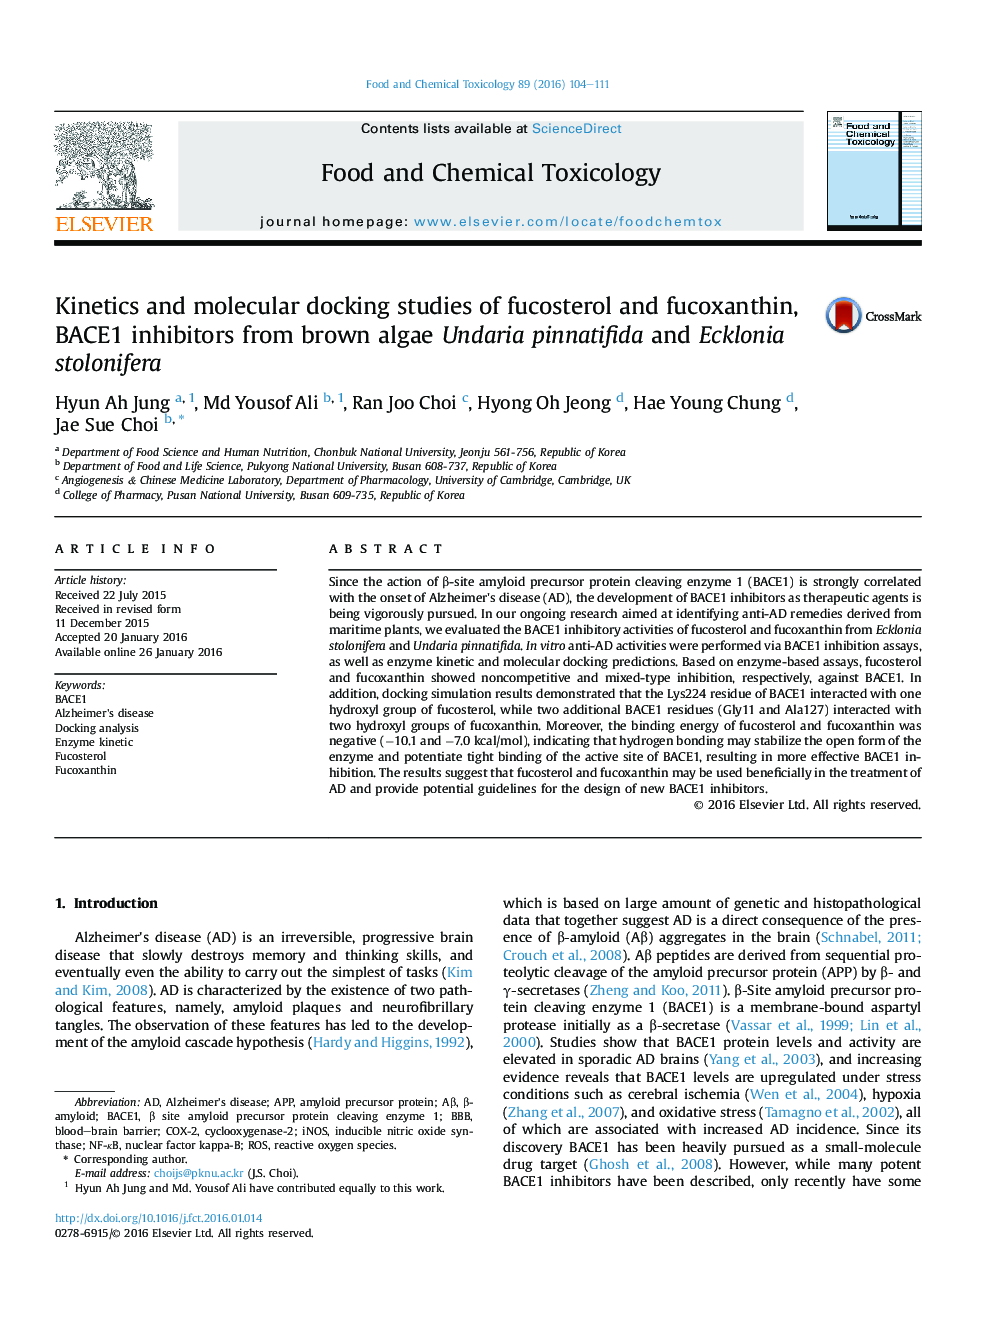 Kinetics and molecular docking studies of fucosterol and fucoxanthin, BACE1 inhibitors from brown algae Undaria pinnatifida and Ecklonia stolonifera
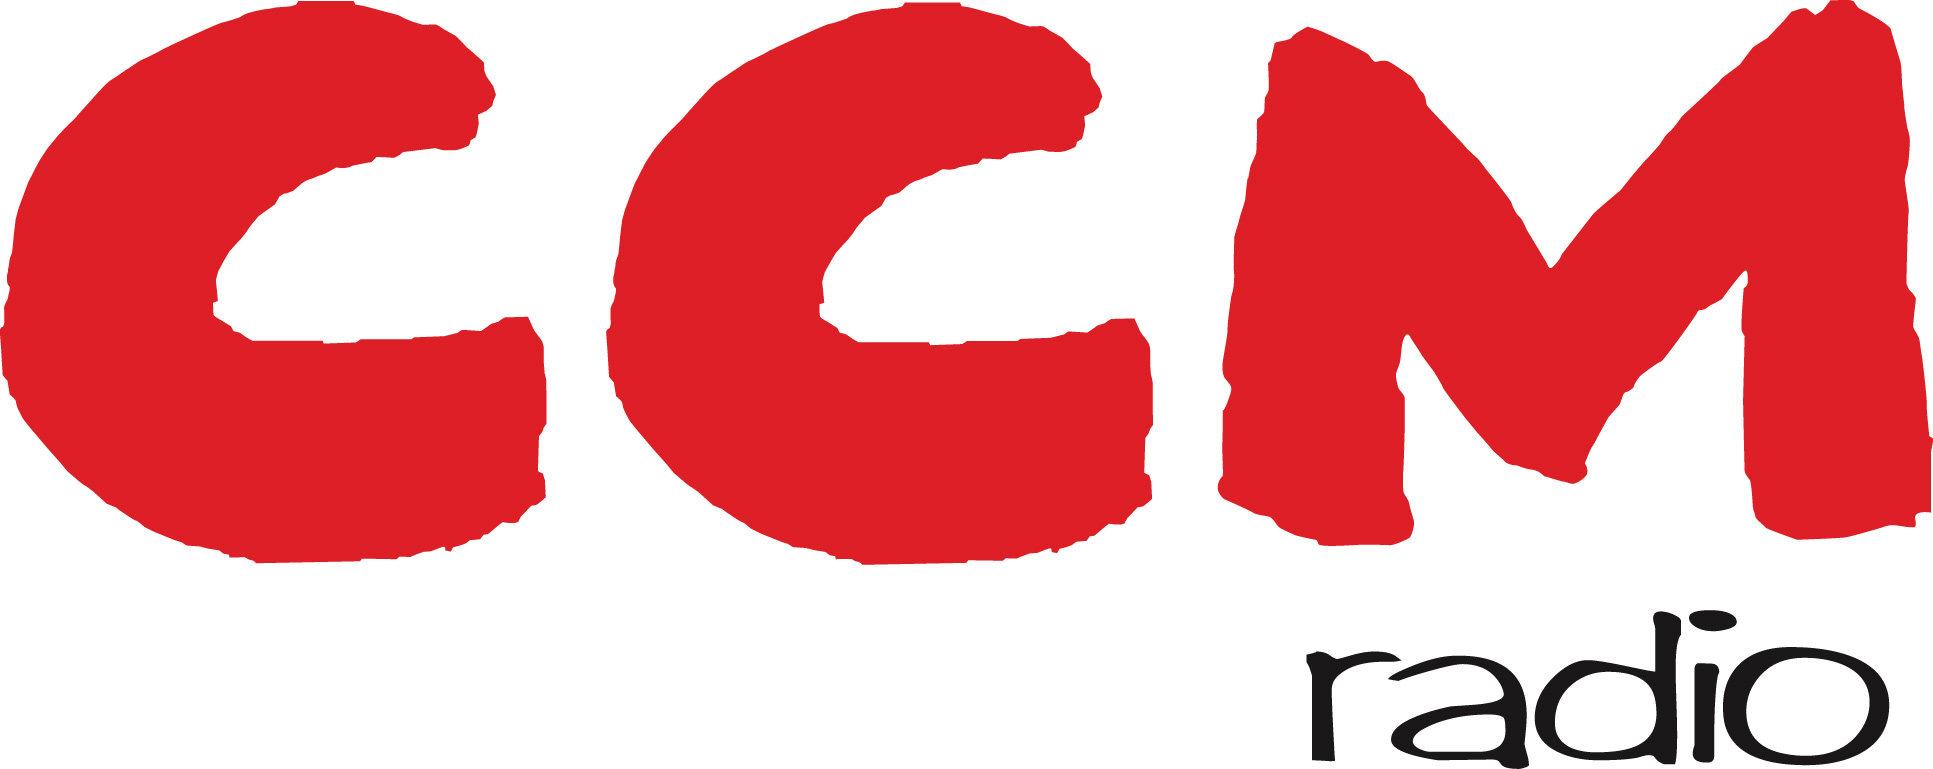 logo ccm jpg
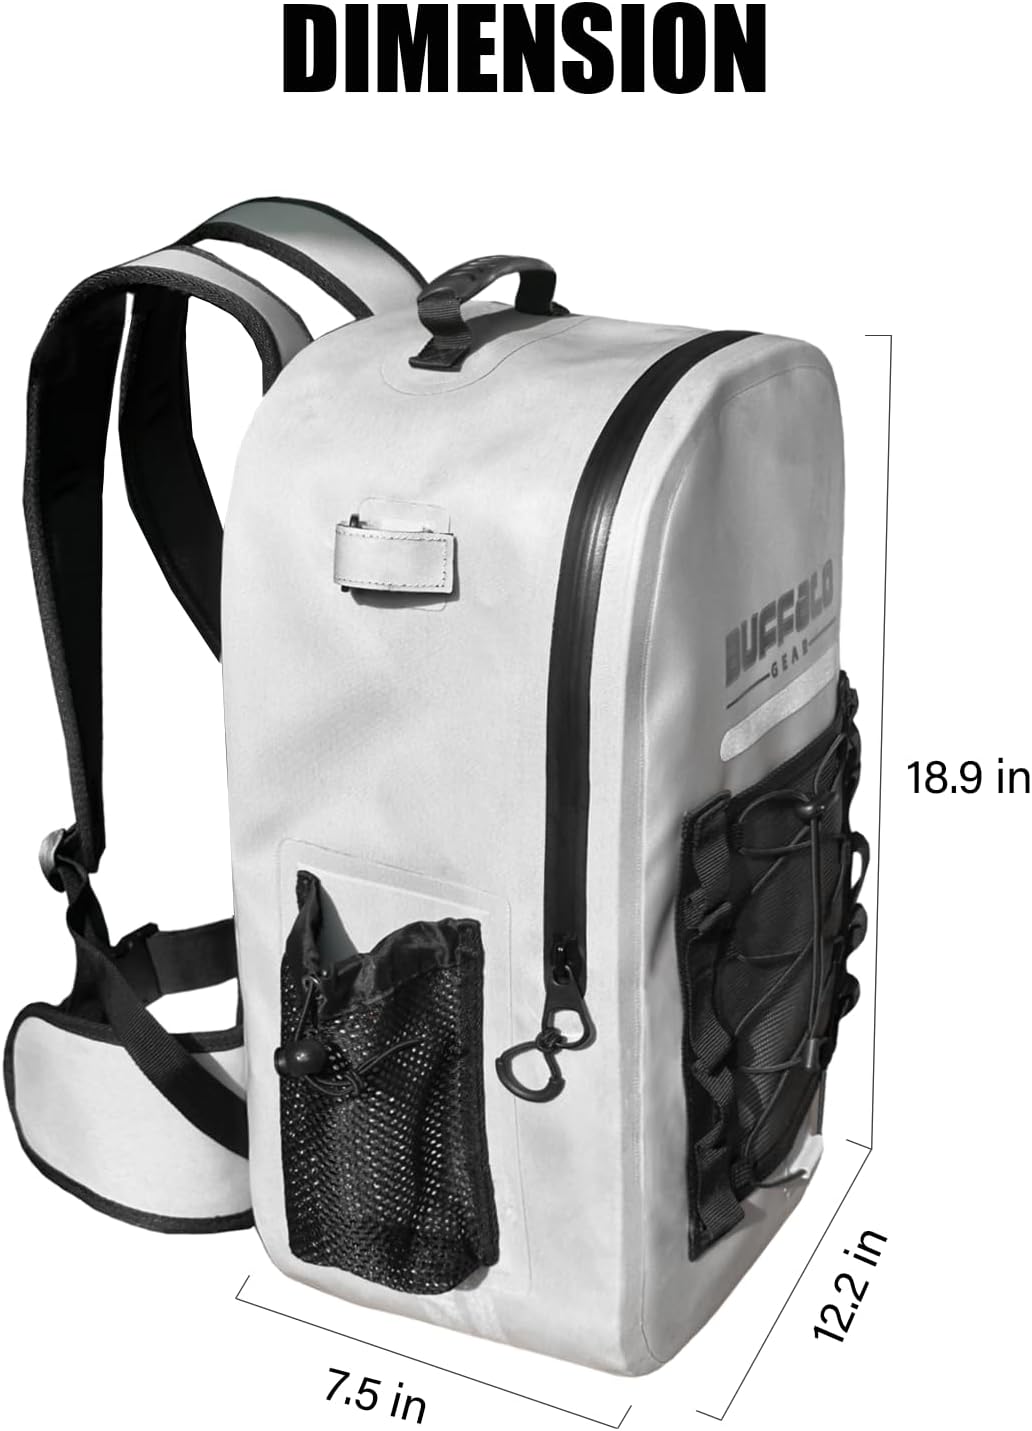 26L Waterproof Fishing Backpack with Rod Holder - Buffalo Gear 
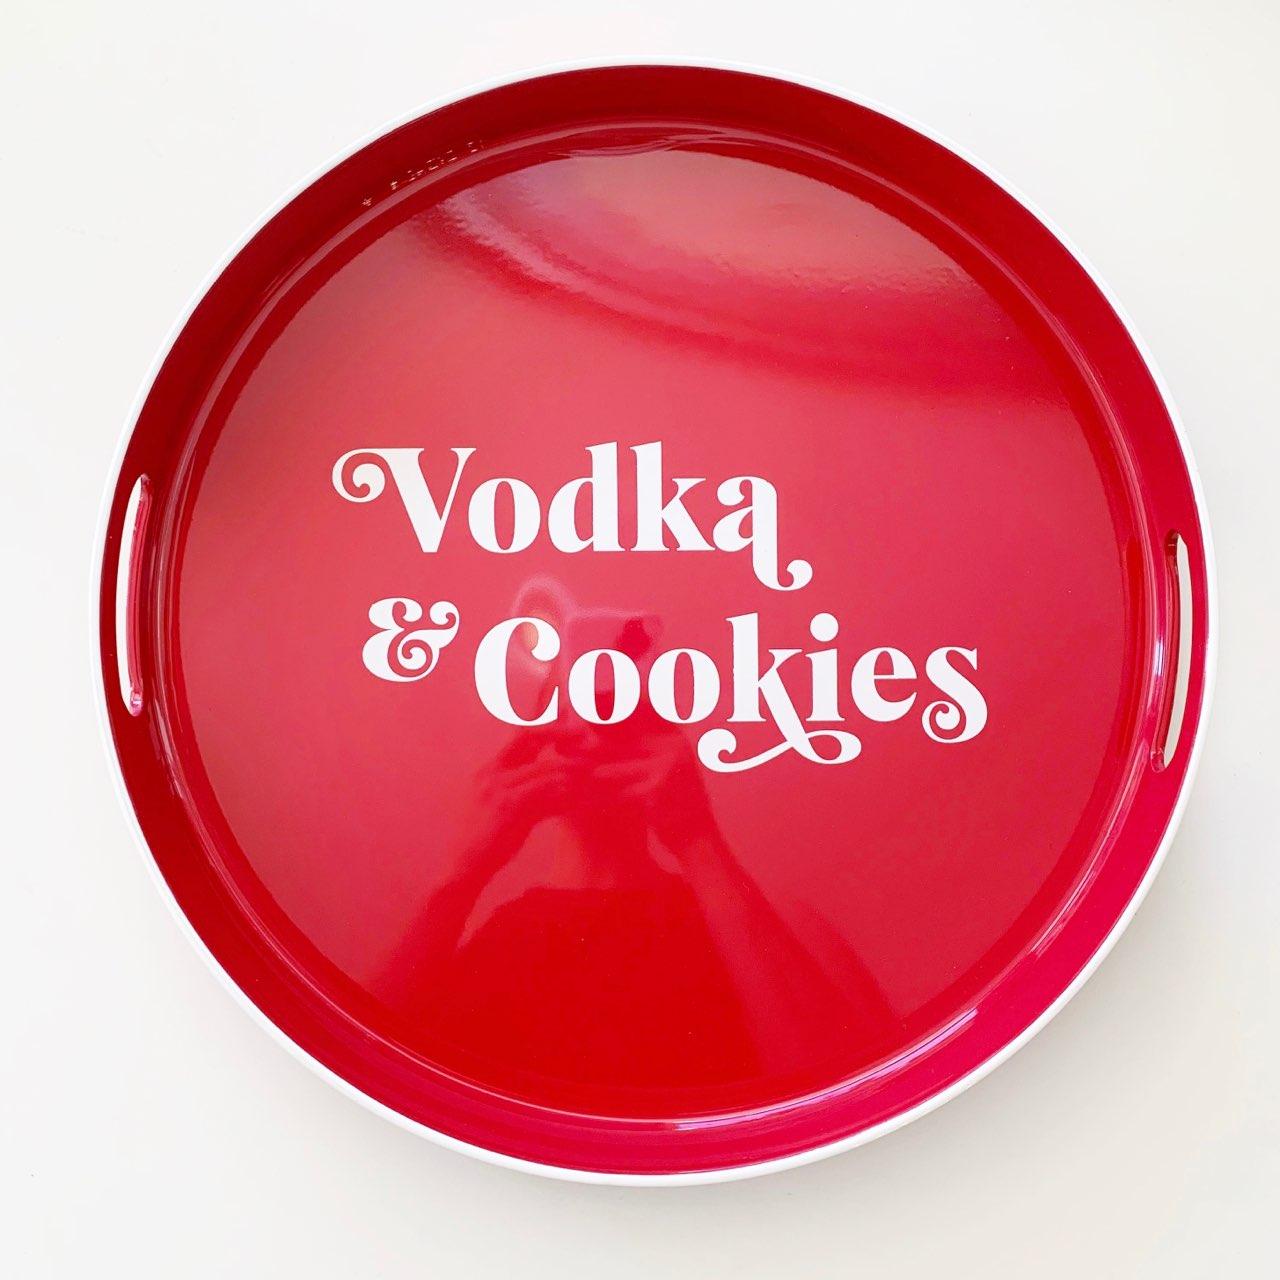 Vodka & Cookies Bar Tray
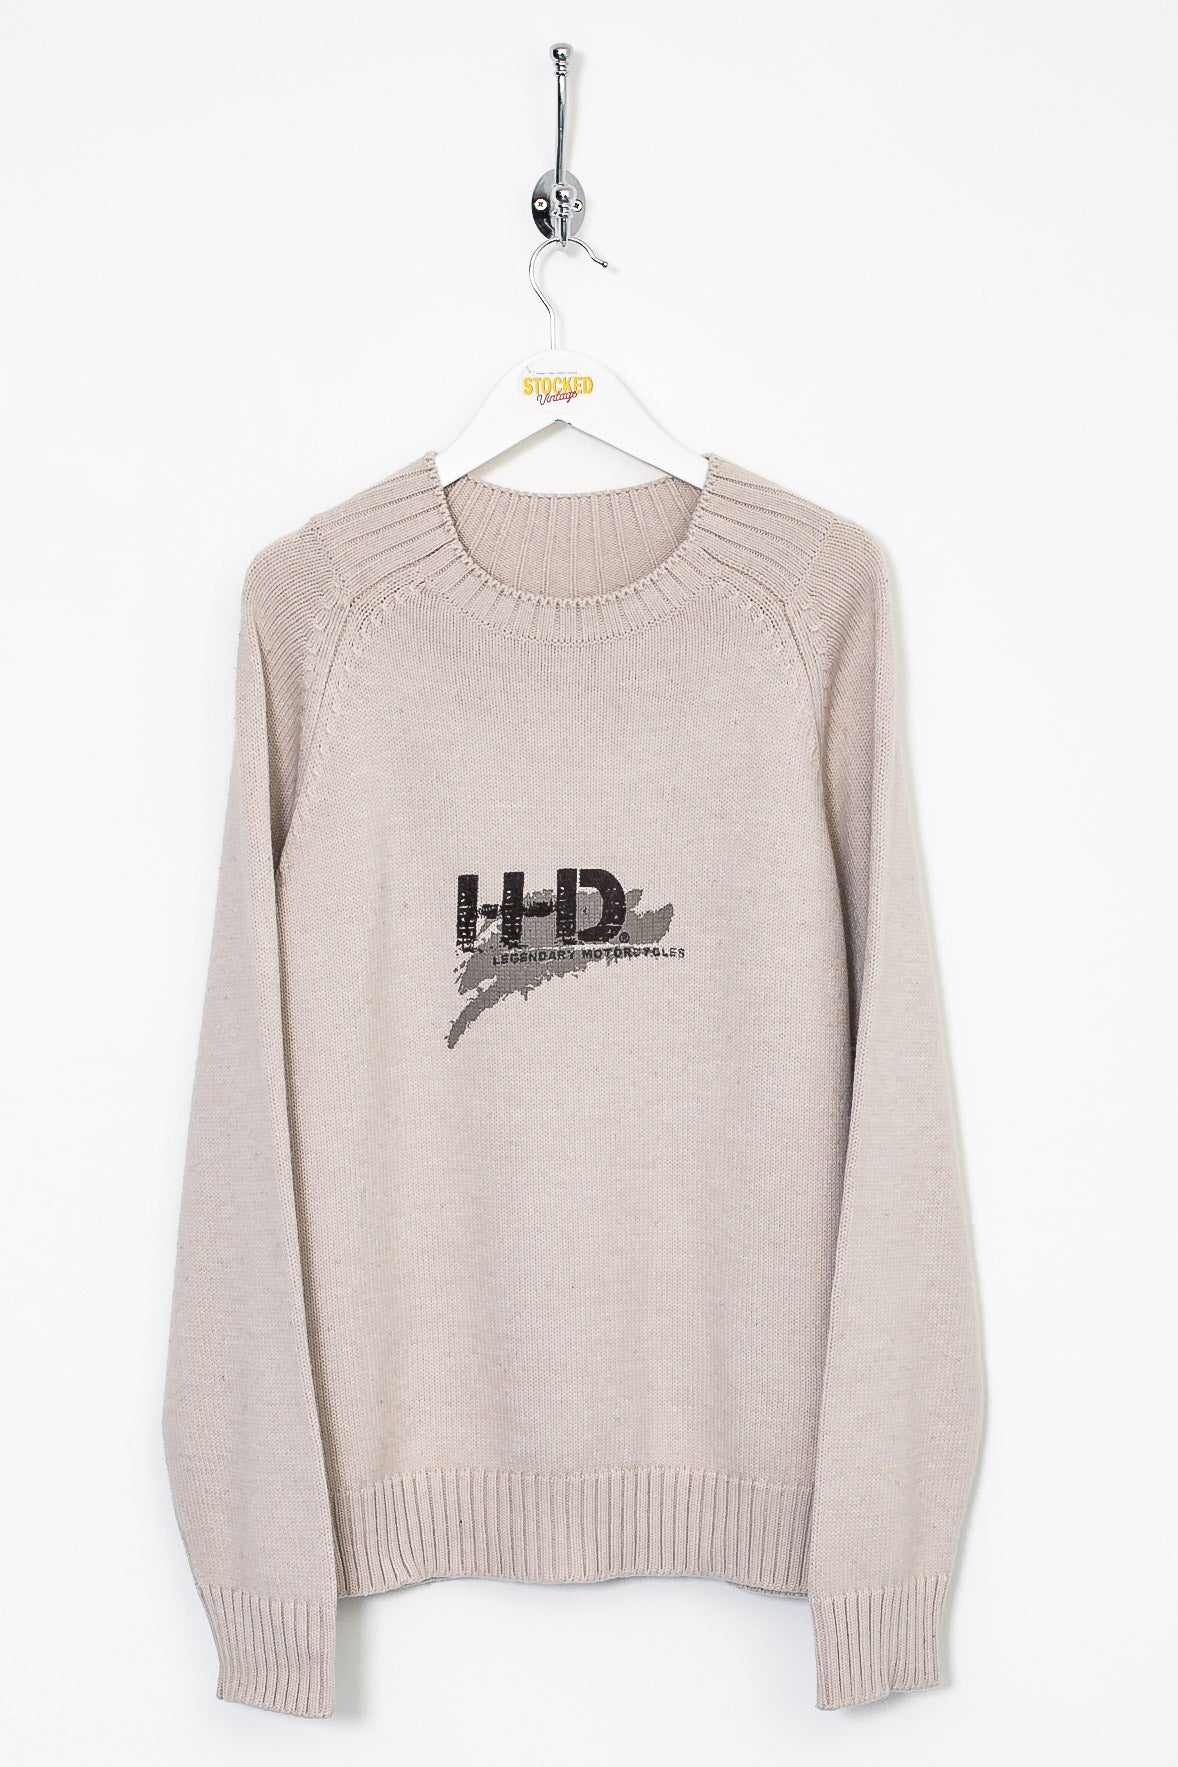 00s Harley Davidson Knit Sweatshirt (S)
--------
> **Exercise aim**: Retype the records verbatim, but not their images.

> **Problem solution**:
 Kinetics and molecular docking studies of fucosterol and fucoxanthin, BACE1 inhibitors from brown algae Undaria pinnatifida and Ecklonia stolonifera
 logo ccm jpg
 26L Waterproof Fishing Backpack with Rod Holder - Buffalo Gear 
 Vodka & Cookies Bar Tray
 00s Harley Davidson Knit Sweatshirt (S)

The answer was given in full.